Aujourd’hui encore au Burundi, certaines familles voient d’un mauvais œil l’union entre deux personnes d’ethnie différente. Toutefois, ces couples dits « mixtes » constituent un frein à l’excès de langage et aux discours de haine. C’est du moins l’avis de Théo Tuyisabe, philosophe, spécialiste en sciences du mariage et de la famille et enseignant à l’Université des Grands Lacs.
Qu’est ce qui poussent certaines familles à s’opposer aux mariages mixtes ?
Au Burundi, parfois quand une personne veut épouser une femme ou un homme qui n’est pas de son groupe ethnique, religieux ou même régional, elle se heurte à la résistance des parents. Ceci s’explique par plusieurs facteurs. Primo, après les indépendances les gens se sont recroquevillés derrière leurs ethnies, croyant qu’ils étaient meilleurs entre eux. Secundo, dans le contexte africain voire même burundais, le mariage ne réunit pas seulement deux personnes mais deux familles. Dans les temps anciens, ce ne sont pas les mariés qui se choisissaient mais ce sont leurs parents qui choisissaient les conjoints. Actuellement, les choses ayant évolué, ce sont les époux eux-mêmes qui se choisissent par amour et décident de vivre ensemble. Leur décision n’engage qu’eux.
Quelle attitude les parents devraient adopter face à la volonté de leurs enfants de s’unir aux personnes de l’ethnie différente ?
Les parents devraient adhérer au choix de leurs enfants, ne pas les contraindre à se séparer alors qu’ils croient être mieux ensemble. Ils doivent également se rappeler qu’ils ont eu leur temps pour s’aimer, se marier et donner naissance à ces enfants. Ils doivent donc comprendre que c’est à leur tour de décider de leurs destinées, avec qui ils vont avancer dans la vie.
Quid du comportement des enfants en cas de résistance de leurs parents à leur union ?
Lorsqu’ils réalisent qu’il y a une résistance du côté des parents face à leur projet de mariage, les deux futurs époux devraient chercher à les convaincre, je veux dire remettre leurs parents à leurs places, tout en leur demandant de les laisser grandir dans leurs choix.

N’y a-t-il pas des conséquences en cas de mariage mixte dans le contexte burundais ?
Toute action a une conséquence mais pour ce qui est du mariage, tout dépend de la manière dont le couple décide de gérer son union d’amour. Les difficultés observées dans les couples mixtes ne sont pas dues essentiellement au problème ethnique car elles s’observent partout, même au sein des couples dits endogamiques. Dire qu’il y a des problèmes à cause de la divergence ethnique n’est qu’une échappatoire parce que les conjoints se choisissent par amour et doivent essayer de le sauvegarder. L’amour n’est pas quelque chose de figé, il faut continuer à le cultiver, à le préserver et à le pérenniser.
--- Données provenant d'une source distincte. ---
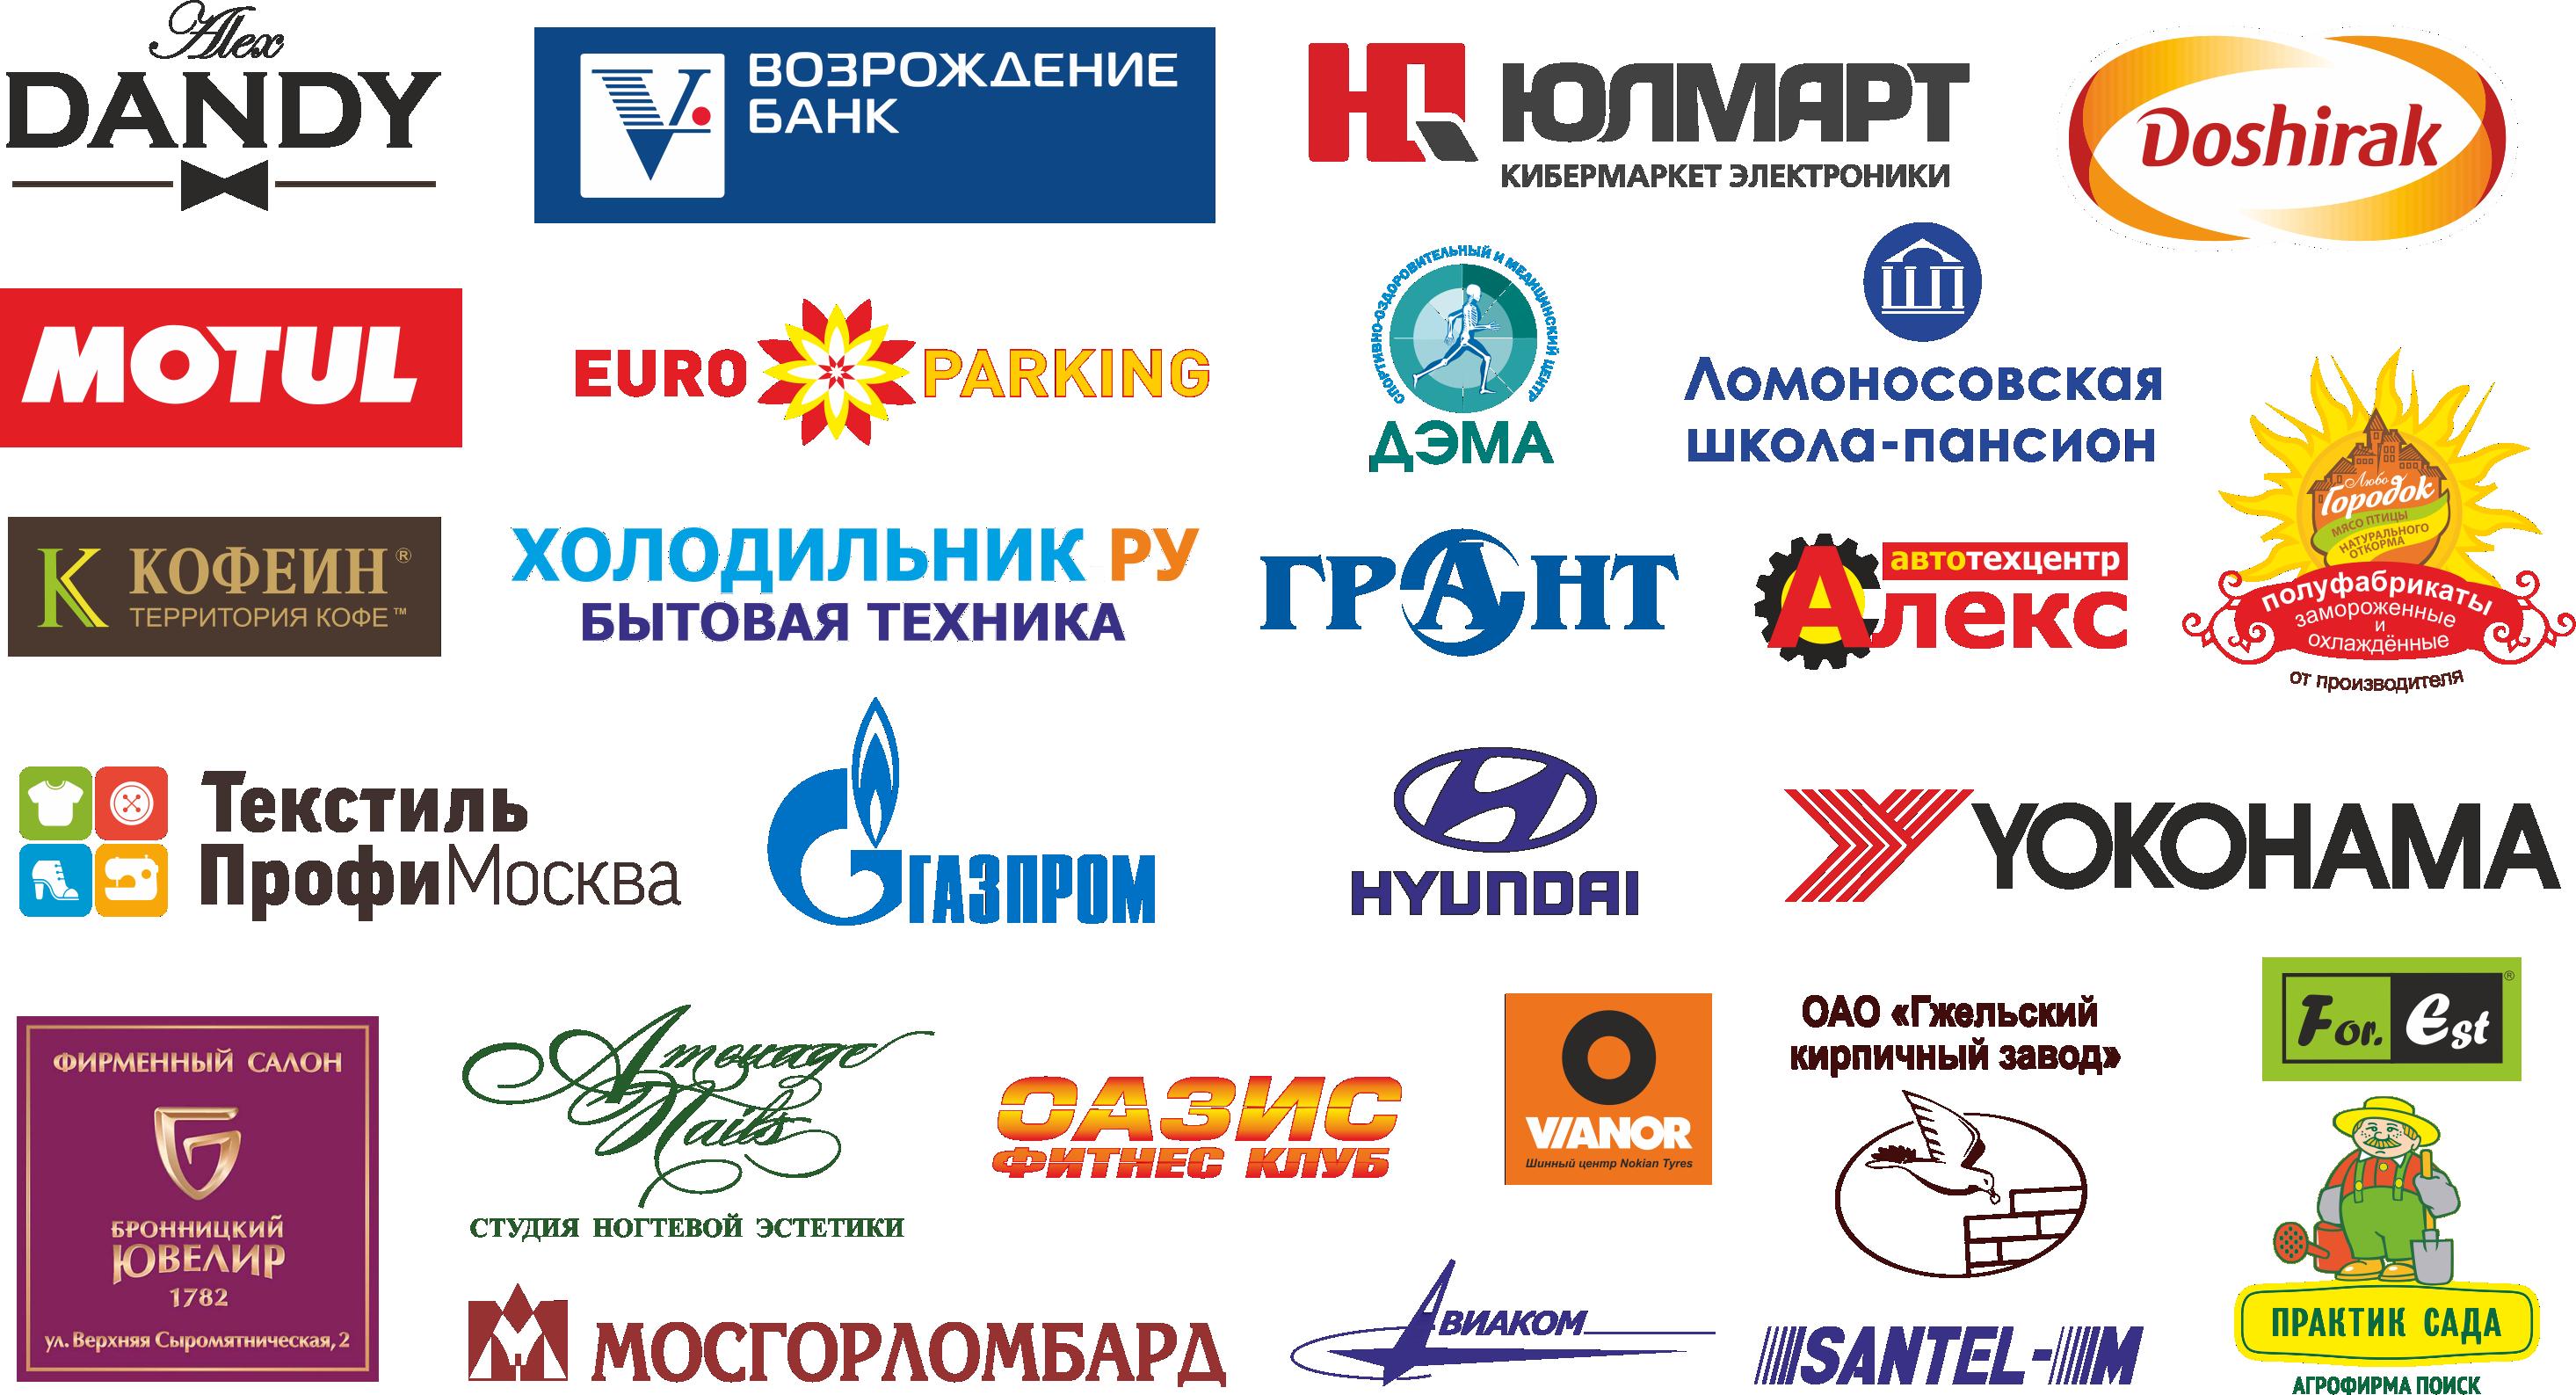 Логотипы клиенты

Est-ce que les mariages mixtes peuvent réduire la prolifération des messages haineux ?
Les gens croient qu’avec leurs semblables, ils peuvent se dire tout, aller même jusqu’à exagérer. Mais lorsqu’une personne épouse quelqu’un d’une autre ethnie, le langage change. En cas de visite au couple par exemple, l’on est conscient qu’il ne s’agit plus d’une seule personne à qui on rend visite mais à deux personnes qui se sont mises ensemble et qui ont combiné les deux ethnies. Et dans ce cas, on soigne son langage parce que si on commence à considérer un des conjoints comme étant membre de son clan, l’on risque de se tromper car il s’est déjà mélangé avec l’autre. En ce moment, vous devez faire très attention quand vous vous adressez à un couple pareil au risque de vous ridiculiser en tenant des propos ou en avançant des théories que ces conjoints ont déjà dépassées.
Comment cela ?
Avant de se marier toutes les femmes et tous les hommes ont des langages à la limite vulgaires mais lorsque vous vous mettez ensemble avec une personne, au fil du temps, vous vous corrigez jusqu’à émettre sur la même longueur d’ondes. Certains disent d’ailleurs qu’à la longue les mariés finissent par se ressembler. On ne se ressemble pas seulement au niveau du visage mais on se ressemble également au niveau des idées et du langage. C’est pourquoi vous qui venez parler à ce couple mixte, il faut faire attention à ne pas blesser l’un d’eux et des fois vous blessez celui que vous ne visiez pas. Et donc le mariage mixte constitue un frein aux excès de langages haineux observés au Burundi. Mais je n’irai pas jusqu’à conclure que les couples mixtes sont les plus heureux parce que le bonheur dans un couple ne dépend pas des ethnies mais dépend de la manière dont vous vous gérez entre vous deux.